His controller’s words of praise, her encouraging tones, made Tam feel better. He hated himself for it.

“Was there anything else? ” his controller asked.

“Nothing,” he said. His headache was gone now.

“Contact me when you’ve had a chance to evaluate the morale of the garrison once Jaina Solo is taken,” the woman said. Then the villip inverted.

Tam closed its container. He stood in place, shaking.

He now had an idea of how the leash that had been put on him worked. When he failed to carry out his orders, the pain began. It worsened as his failure continued. When he was able to report success, it diminished. But since his controller couldn’t know, until he reported, how successful he was, the only stimulus for the pain could be his own knowledge of failure. Some portion of his brain that lit up when he felt guilt, some hormone discharged into his bloodstream when he was under a specific kind of stress, triggered the headaches.

He had no doubt that the pain, if allowed to grow too great, could kill him. He’d been told so. He’d felt it grow to the point that he believed it signaled an imminent explosion in his head, a fatal aneurysm or other deadly failure within him.

If only he could find some way to think himself around the pain, to feel no guilt or acknowledge no failure, so that the pain never came … but even with that thought, throbbing began in his temples and the pain returned.

He slumped, defeated. He wasn’t even allowed to think such things.

He was a slave and he would always be a slave.

He left the shuttle, head down, to return to his duties.

Han slouched in his pilot’s seat and stared, in unaccustomed contentment, at the stars.

“What are you thinking?” Leia asked from the copilot’s seat.

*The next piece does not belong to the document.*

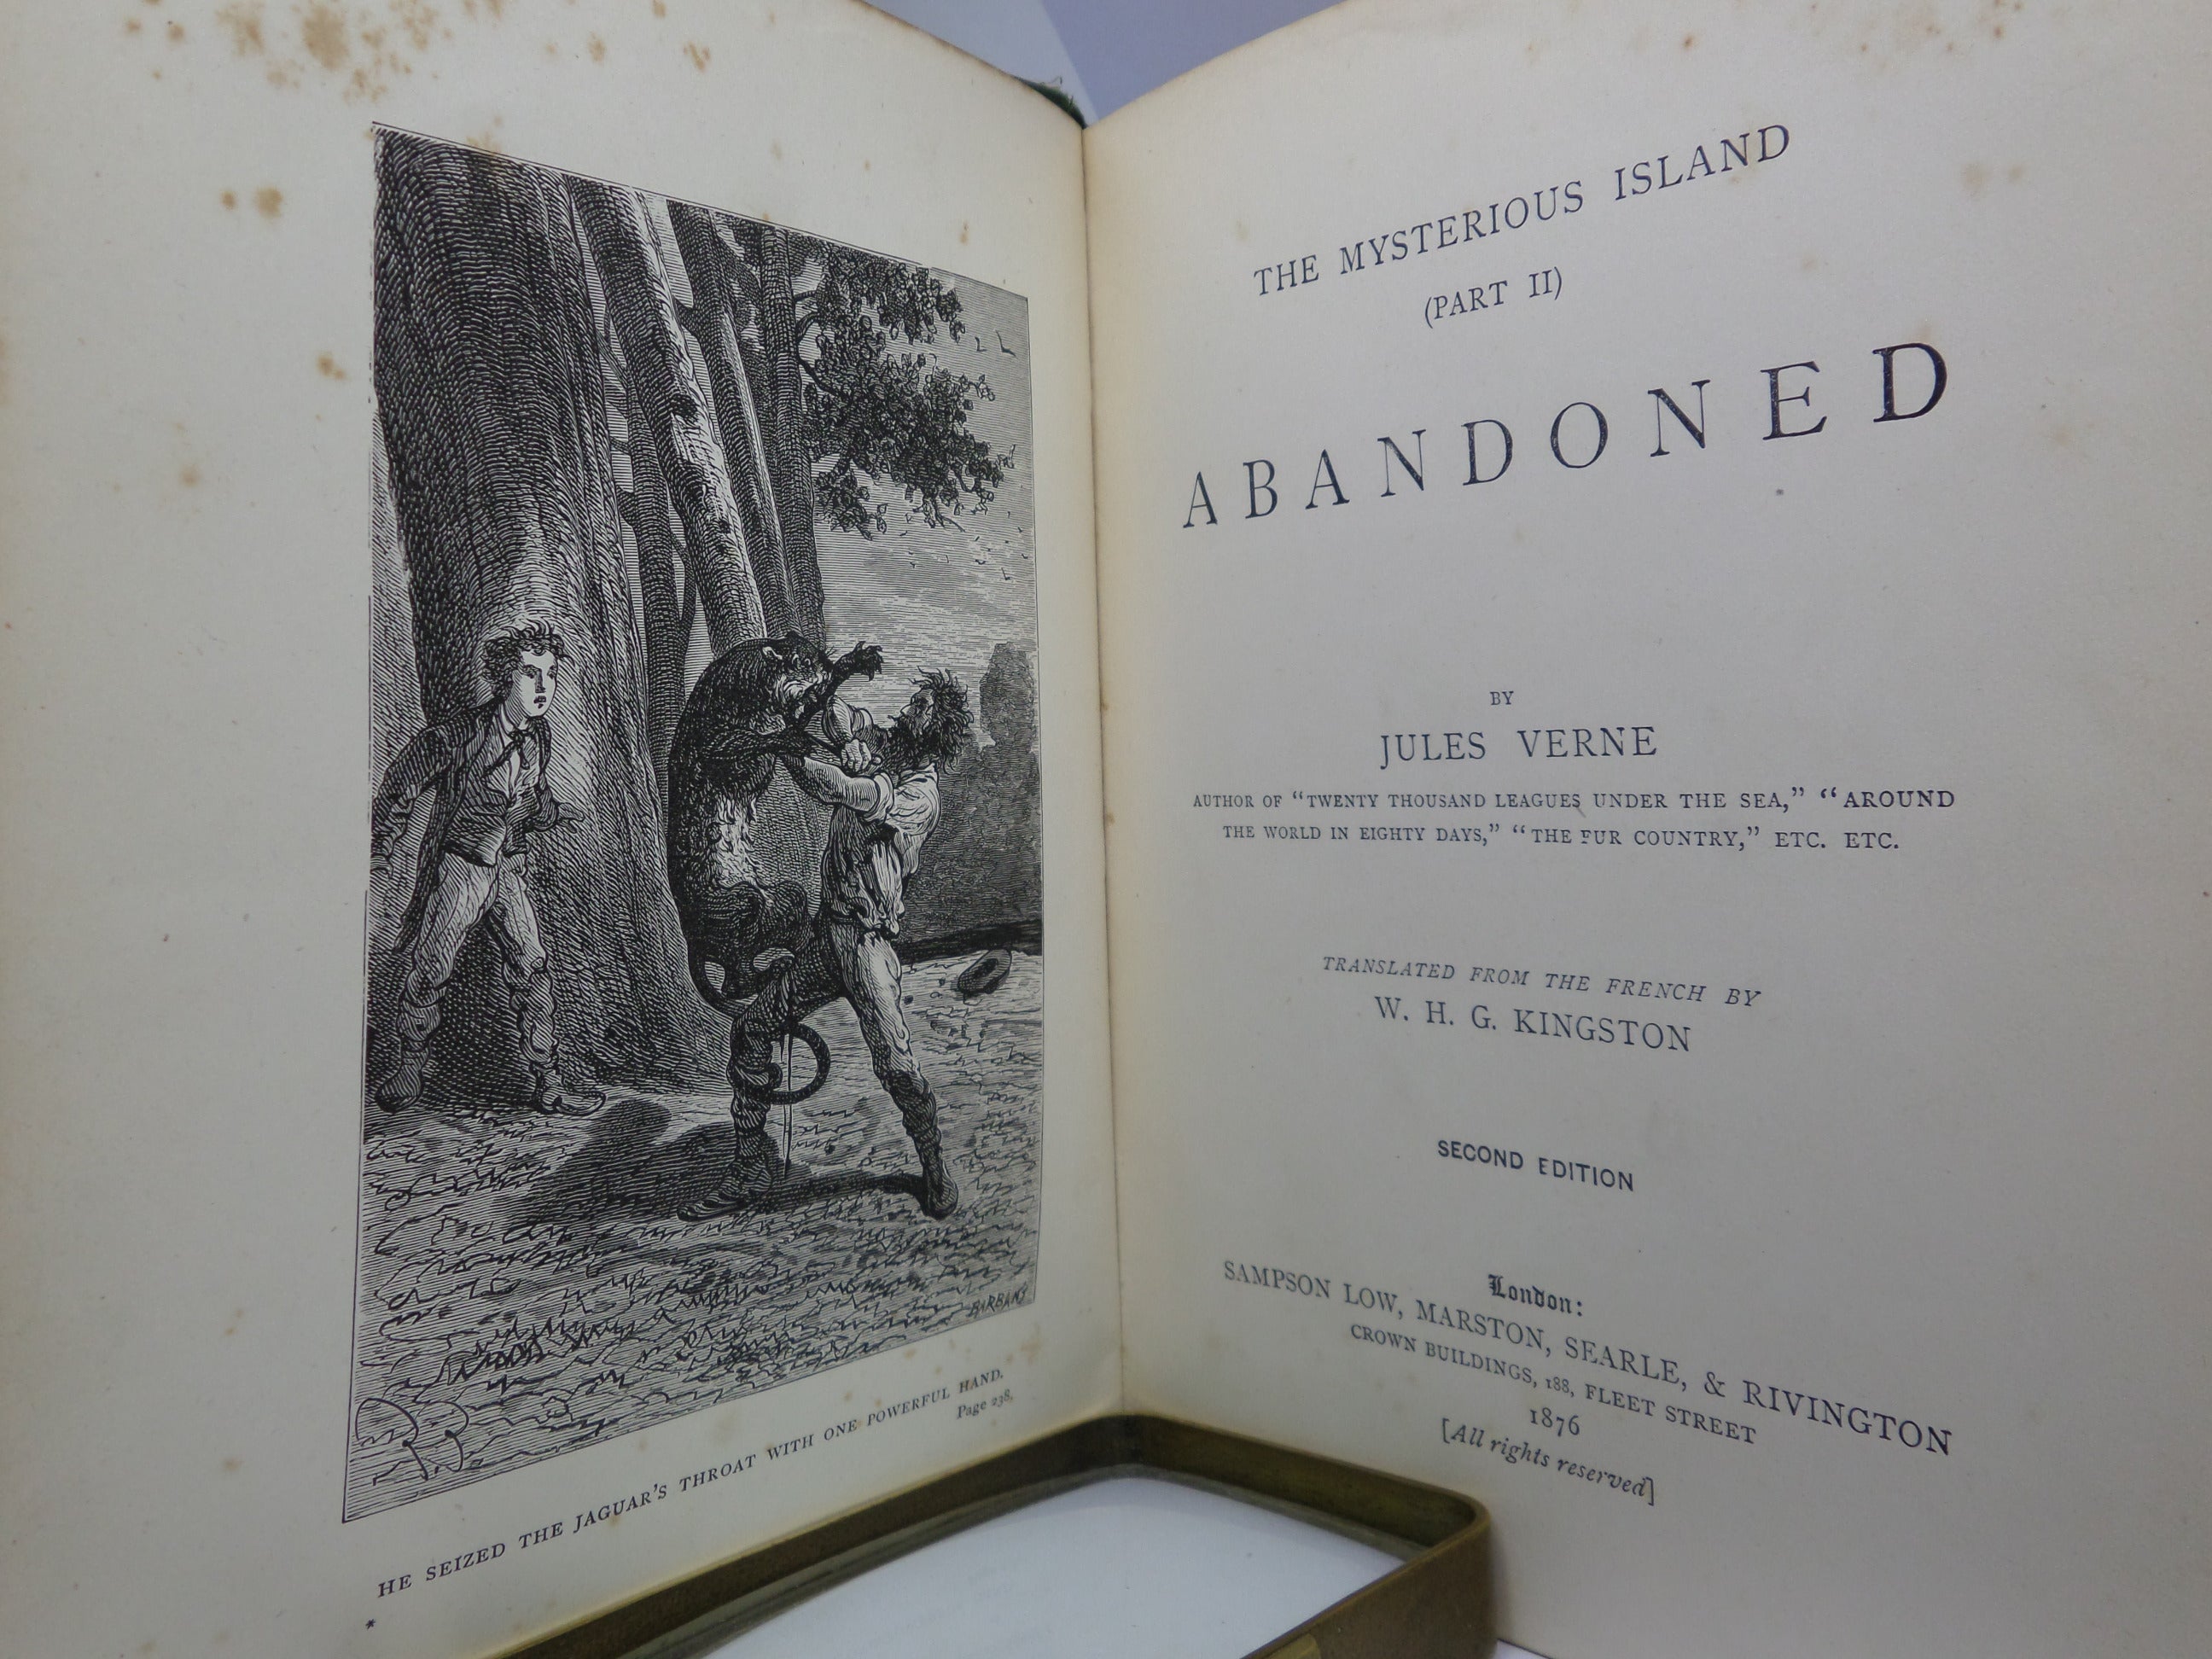 [THE MYSTERIOUS ISLAND PART II] ABANDONED BY JULES VERNE 1876 SECOND EDITION

Han glanced at her. She looked far more comfortable in the Leia-sized seat they’d installed for her. At the very least, she wouldn’t be slipping back and forth during high-performance maneuvers. “You know me,” he said. “I wasn’t thinking.”

Leia nodded. “I
know
you. What were you thinking?”

“I was thinking about what would happen when we finally got rid of the Vong. I was thinking about taking up the old trade again.”